The most important report commissioned by the last Labour government was by Sir Mike Tomlinson on the 14-19 curriculum, but the government thought A-levels would be threatened and education ministers baulked at a major reorganisation of the school estate to provide 14-19 institutions. As a compromise, ministers created the diploma, which requires young people aged 14-16 to spend a day a week in an FE college, which they enjoy, and four days in their local comprehensive, where the academic subjects they study have no relevance to their practical work.
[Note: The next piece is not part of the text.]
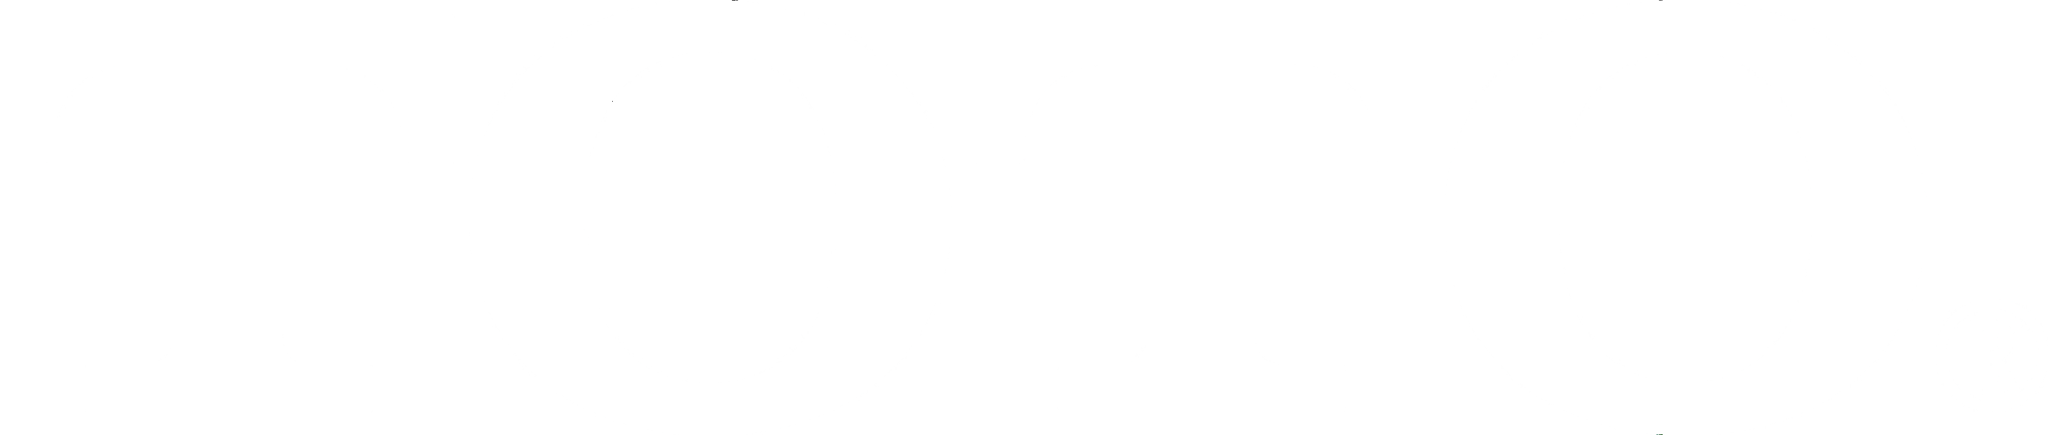 toto-logo-b

Over the past four years I have been advocating, together with the late Ron Dearing, university technical colleges (UTCs) for 14 to 19-year-olds. I firmly believe that the training of the hand and the education of the mind is best done under one roof. As these colleges and their students will follow a normal working day - 8:30am to 5:30pm, with 40 teaching weeks each year instead of the normal 38 - a whole teaching year will be gained over the five years. This allows a UTC to offer more than 20 per cent teaching time on technical education, meaning it will be 40 per cent technical pre-16 and 60 per cent academic. Post-16 it would rise to 60 per cent technical and 40 per cent academic.

Local employers will help determine the UTC’s specialisms and curriculum that will lead to local jobs. A university will sponsor each college so there is a pathway to foundation and higher degrees. There will also be apprenticeships post-16.
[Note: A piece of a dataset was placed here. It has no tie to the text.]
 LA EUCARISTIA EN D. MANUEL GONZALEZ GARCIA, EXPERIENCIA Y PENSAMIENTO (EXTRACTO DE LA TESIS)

Professor Wolf is right to see apprenticeships as a huge opportunity. Her main point cannot be disputed: learning at work is a brilliant way to develop skills and knowledge for the future, particularly when combined with additional knowledge gained in a college or independent training centre.

UTCs are totally in line with Professor Wolf’s vision. I am delighted that she endorsed them in her report. She makes the point, quite rightly, that because UTCs will have a longer teaching day, it will be possible to offer an even richer technical and vocational curriculum while delivering vital skills in English, maths and science.

One UTC has already opened - the JCB Academy in Staffordshire, whose second year is already heavily over-subscribed. Another will open this year, 12 more in 2012, and there can be many, many more - the Baker Dearing Trust is talking to more than 50 groups. It will be up to local children’s services and the education system itself to find ways to recognise 14 as the effective age of transfer.

Lord Baker is a former education secretary and chairman of the Edge Foundation and the Baker Dearing Educational Trust.